Patients undergoing RYGB may also experience cardiac complications such as QT prolongation, but the hypothesis that has gained the most traction suggests a delay in myocardial conduction velocity owing to intracellular hypokalemia secondary to the Na/K pump inhibition.13-17 Because Li and Na+ share the same attachment site on the Na/K pump, such fatal side effects may also occur in patients with Li toxicity. Mr A's ECG showed bradycardia and QTc interval prolongation 5 weeks after RYGB. A similar observation was made in other case reports.14-17
Toxic Li levels result in neurotoxicity, ranging from temporary altered mental status to permanent neurologic sequelae such as cerebellar impairment, brain stem syndromes, and peripheral neuropathies.16 This is explained by Li's extensive diffusion within the central and peripheral nervous systems following its thorough absorption.16,18 Mr A developed altered mental status, slurred speech, and an unsteady gait owing to Li toxicity. He received fluids and appropriate treatment. Similar findings were reported by Marques et al,19 where the patient developed drowsiness, muscle weakness, extremity tremors, and difficulties in motor coordination after treatment with Li. In general, when treatment is discontinued, and the patient is hemodialyzed, the neurologic symptoms subside and the patient's consciousness returns to normal.20 However, in some cases, those symptoms may persist for a long time despite hemodialysis, resulting in neurologic sequelae such as extrapyramidal symptoms or blindness.20 Mr A did not receive hemodialysis because the neurologic symptoms developed acutely, and his symptoms were treated sufficiently with aggressive IV hydration upon arrival in the emergency department. Apart from IV hydration and hemodialysis, other treatment regimens for Li toxicity are gastric lavage and intestinal irrigation to limit the gastrointestinal absorption of lithium. Other successful treatments also include sodium polystyrene sulfonate, arteriovenous and venovenous hemodiafiltration.21,22
Usually, it takes 6 to 12 months to recover from bariatric surgery, and the body is stable for normal diet and physical activity.23 There are currently no clearly established guidelines for clinical Li monitoring or a predefined ideal Li level during the perioperative period in RYGB surgery.4 However, experts have made the following recommendations to avoid Li toxicity post-RYGB:
Collaboration between a bariatric surgeon, a psychiatrist, a primary care physician, and a clinical pharmacist in the pre- and postoperative phases.

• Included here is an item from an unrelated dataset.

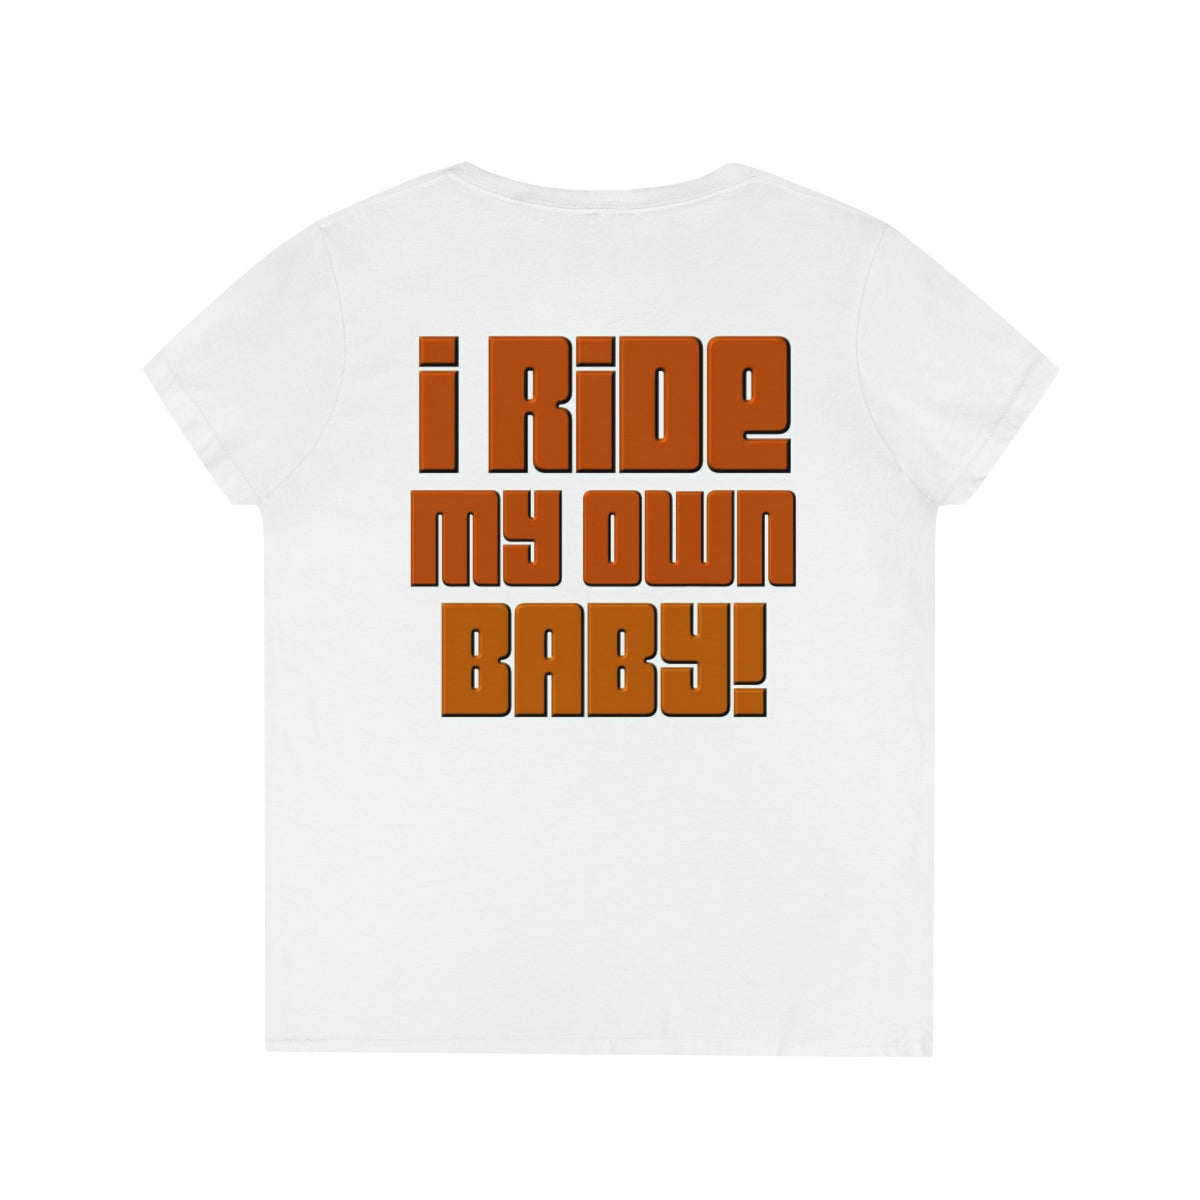 Ladies' V-Neck Bagger Babe T-Shirt (Orange Letters)

Determine the patient's preoperative Li baseline value and perform a scale-based clinical assessment of mood.24
Educate the patient preoperatively on the importance of drinking at least 2 to 3 L of water per day.4
Postoperatively, assess for Li toxicity by performing weekly assessments of the patient's Li level and GFR for 6 weeks, then every 2 weeks until 6 months postoperative. After that, monthly levels should be obtained until 1-year post-surgery.25
To prevent dehydration, counsel the patient to alert their physician or psychiatrist in case of any changes in food or fluid intake or severe vomiting.

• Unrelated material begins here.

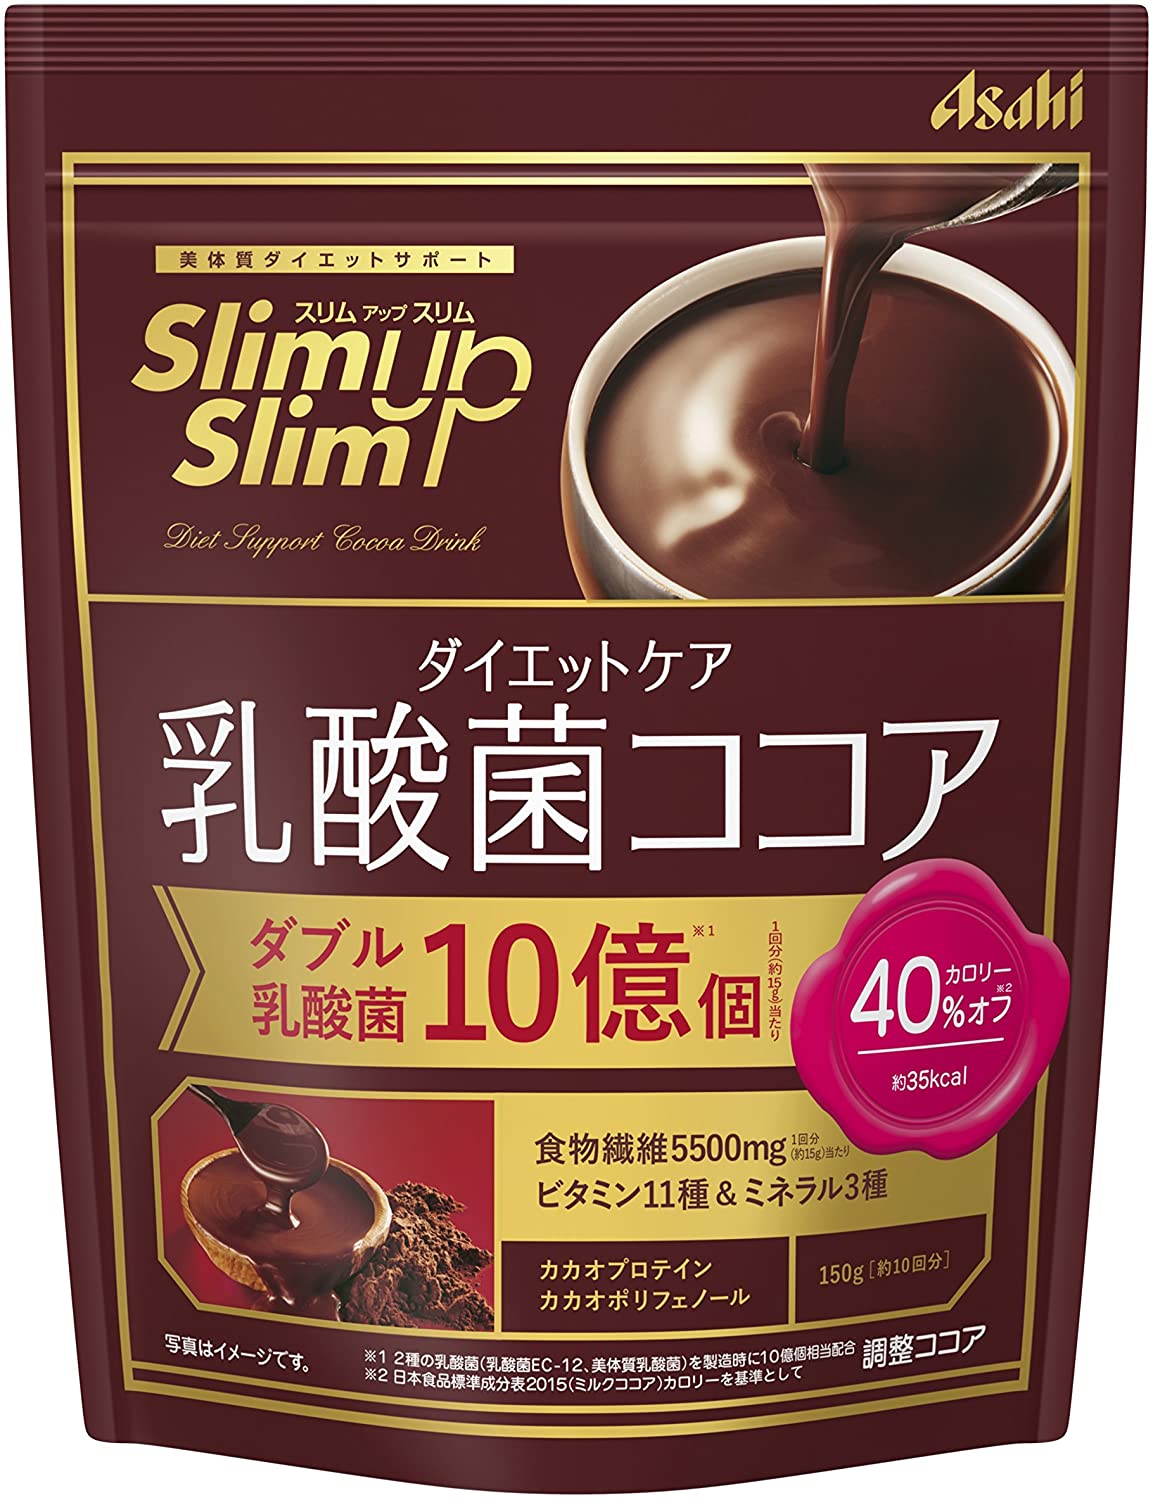 Протеиновый какао-напиток с молочнокислыми бактериями Protein Cocoa Drink SlimUpSlim Asahi, 150 гр

This review emphasizes the significance of monitoring Li levels after RYGB. Following surgery, the pharmacokinetics of Li are affected by the decrease in stomach surface area and increase in gastric pH, as well as changes in weight and GFR, which may result in Li toxicity. Due to the lack of consensus guidelines to address Li toxicity, physicians must closely monitor Li levels after RYGB surgery every week for at least 6 weeks, every 2 weeks until 6 months postoperative, and later monthly until 1-year post-surgery.